The amount of water in these stores is in a state of dynamic equilibrium. These changes can be daily or even geologically.

• Oceanic Water

  Oceans cover approximately 72% of the planet’s surface, despite this, oceanographers have stated that only 5% of oceans have been explored.

  The salt dissolved in the oceans increases the pH from neutral to about 8.14. However, this has further increased to 8.25 due to rise in atmospheric carbon.

• Cryospheric Water

  There are five main locations of cryospheric water:

  1. Sea Ice

     Forms when water in the oceans is cooled to temperatures below freezing. Ice shelves are platforms of ice that form where ice sheets and glaciers move out into the oceans. Icebergs are chunks of ice that break off glaciers and ice shelves.

  2. Ice Sheets

     A mass of glacial land ice extending more than 50,000 km². Two major ice sheets are found in Greenland and Antarctica. Together they contain more than 99% of the freshwater ice on Earth. The Antarctic Ice Sheet extends almost 14 million km² and contains 30 million km³ of ice. The Greenland Ice Sheet extends about 1.7 million km².

     Ice Sheets form where the snow that falls in winter does not melt completely over summer, so layers of snow pile up and compresses under its own weight. They are constantly in motion, slowly flowing downhill under their own weight.

  3. Ice Caps

     Thick layers of ice on land that are smaller than 50,000 km². They flow outwards and become the major source for many glaciers. The Furtwangler Glacier on Kilimanjaro, at 60,000 m², is Africa’s only remaining ice cap.

  4. Alpine Glaciers

     Thick masses of ice found in deep valleys or in upland hollows. Most valley glaciers are fed by ice from ice caps or smaller corrie glaciers. These glaciers are particularly important in the Himalayas where about 15000 glaciers support rivers such as the Ganges and, in turn, are the lifeline of millions of people in South Asian countries.

  5. Permafrost

     Ground that remains at or below 0 degrees Celsius for at least two consecutive years. The thickness of these varies from less than one metre to more than 1500 m. Permafrost is found beneath the ice-free regions of the Antarctic continent and also occurs beneath areas in which the ice sheet is frozen to its bed.
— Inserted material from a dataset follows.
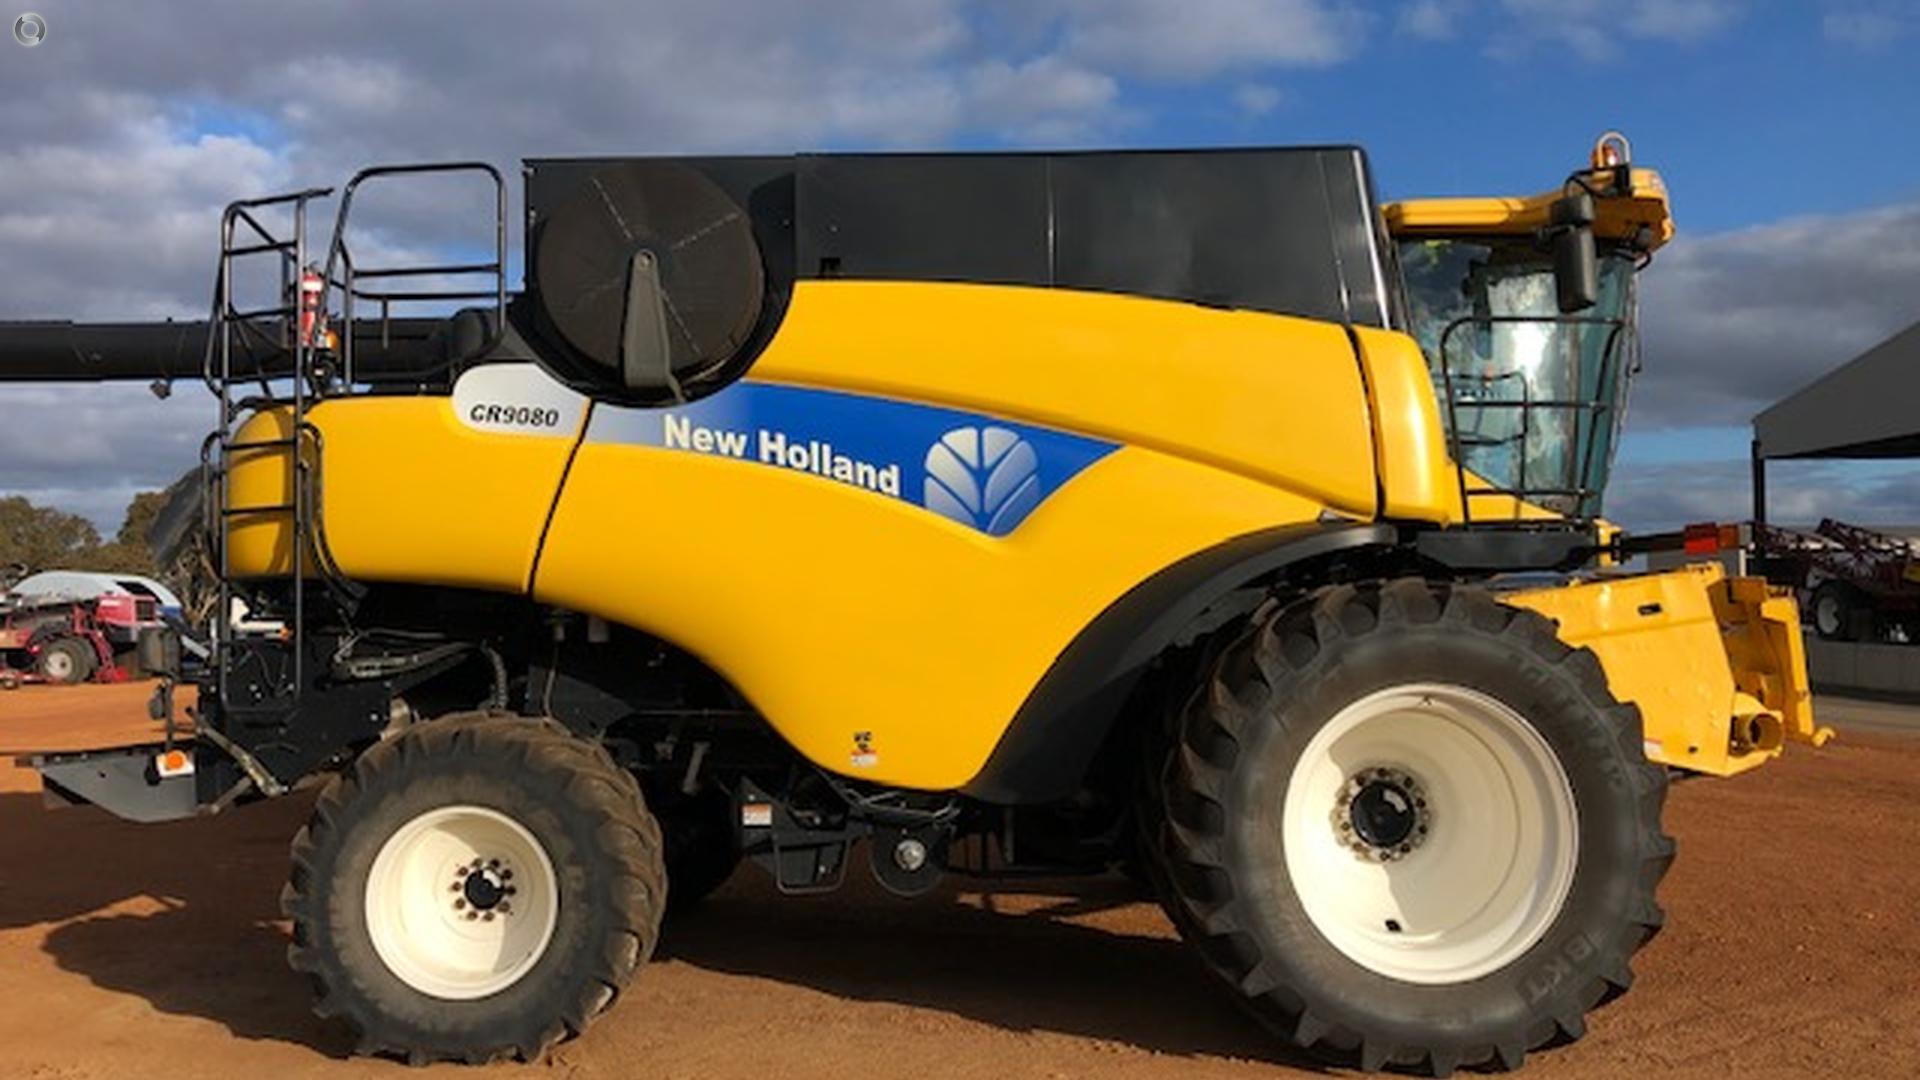 2011 New Holland CR9080 Combine Harvester
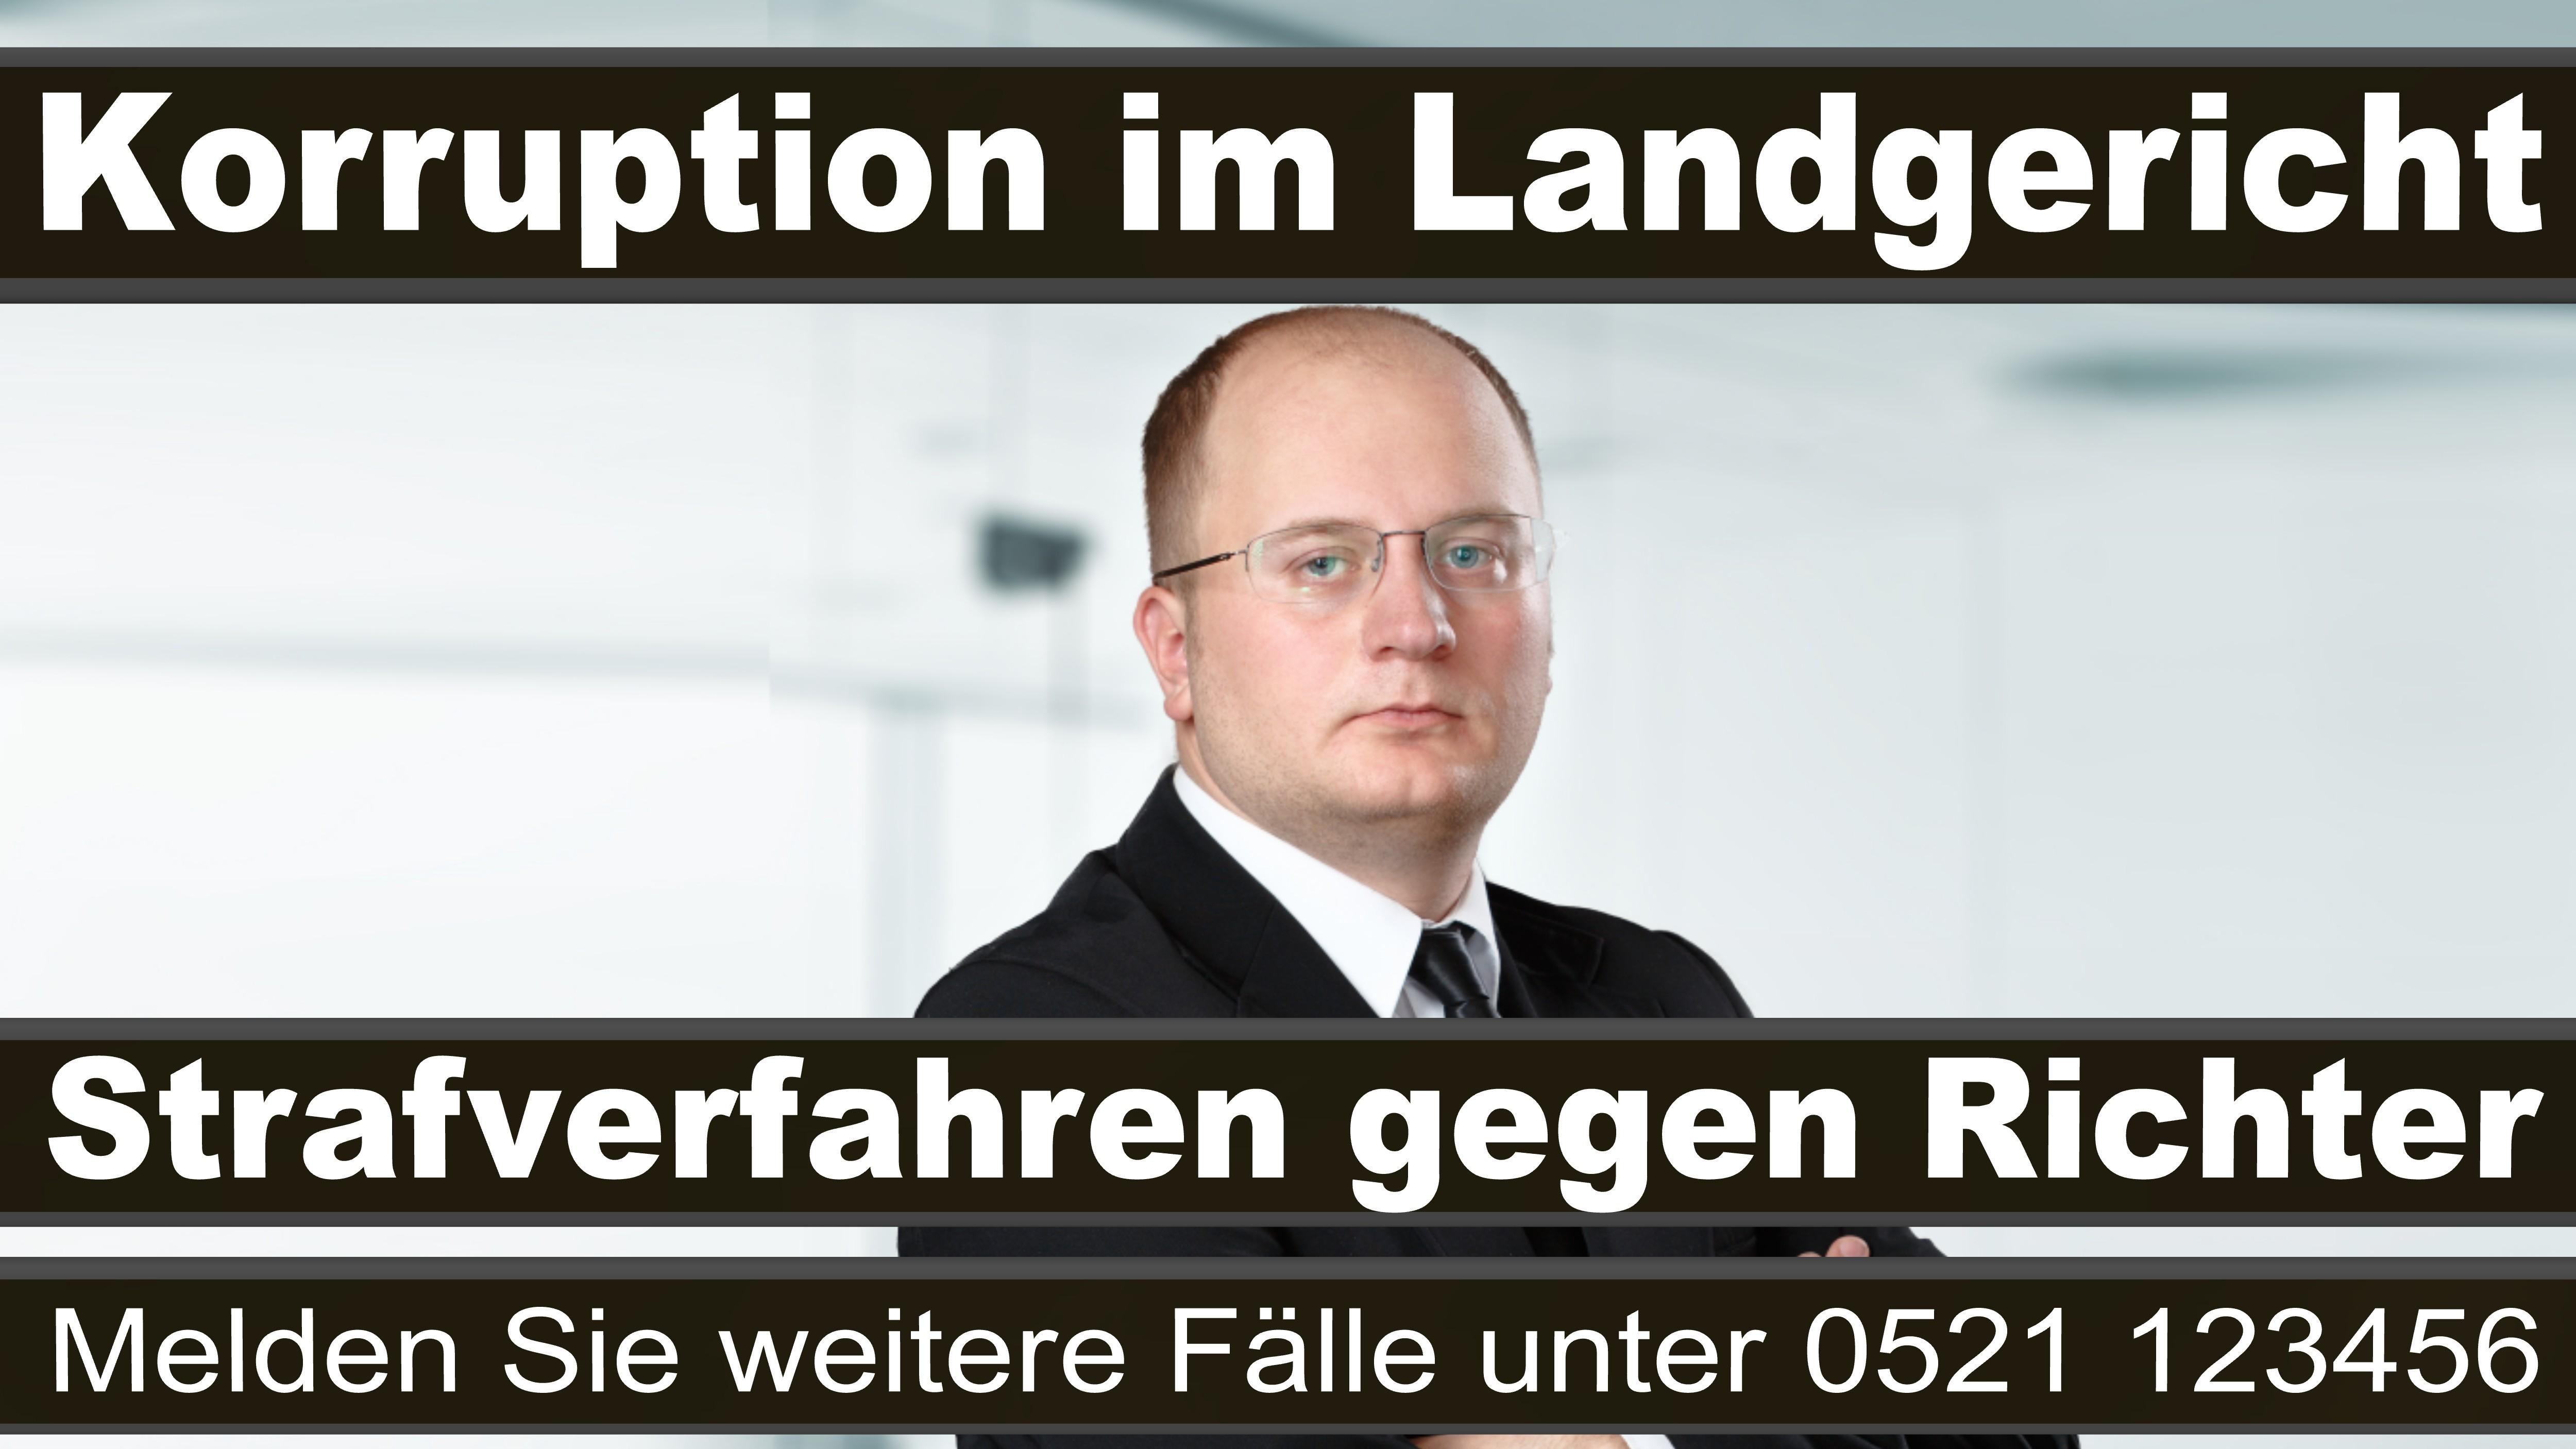 Korruption, Rechtsbeugung, Parteiverrat, Rechtsanwalt, Justiz, Präsident, Direktor, Leitender Oberstaatsanwalt, Verwaltungsgericht Oldenburg

     The permafrost has begun to melt as climate warms, releasing large amounts of carbon dioxide and methane.

• Terrestrial Water

  Falling into four broad classes:

  1. Surface Water

     The free-flowing water of rivers, ponds, and lakes.

     Rivers act as a source and a transfer of water: they are streams of water within a defined channel, transferring water from the ground from soils and from the atmosphere to a store. Rivers make up 0.0002% of all water. The Amazon is the largest river by discharge of water in the world.

     Lakes are collections of freshwater found in hollows on the land surface. The majority of lakes are freshwater, the largest is the Caspian Sea.

     Wetlands are areas of marsh, fen, peatland, or water, with water that is static or flowing where there is dominance of vegetation.

  2. Groundwater

     Water that collects underground in the pore spaces of rock.

  3. Soil water

     Held together with air in unsaturated upper weathered layers of the Earth. it affects weather and climate, run-off potential and flood control, soil erosion, reservoir management and more. Soil moisture plays an important role in the development of weather patterns and the production of precipitation.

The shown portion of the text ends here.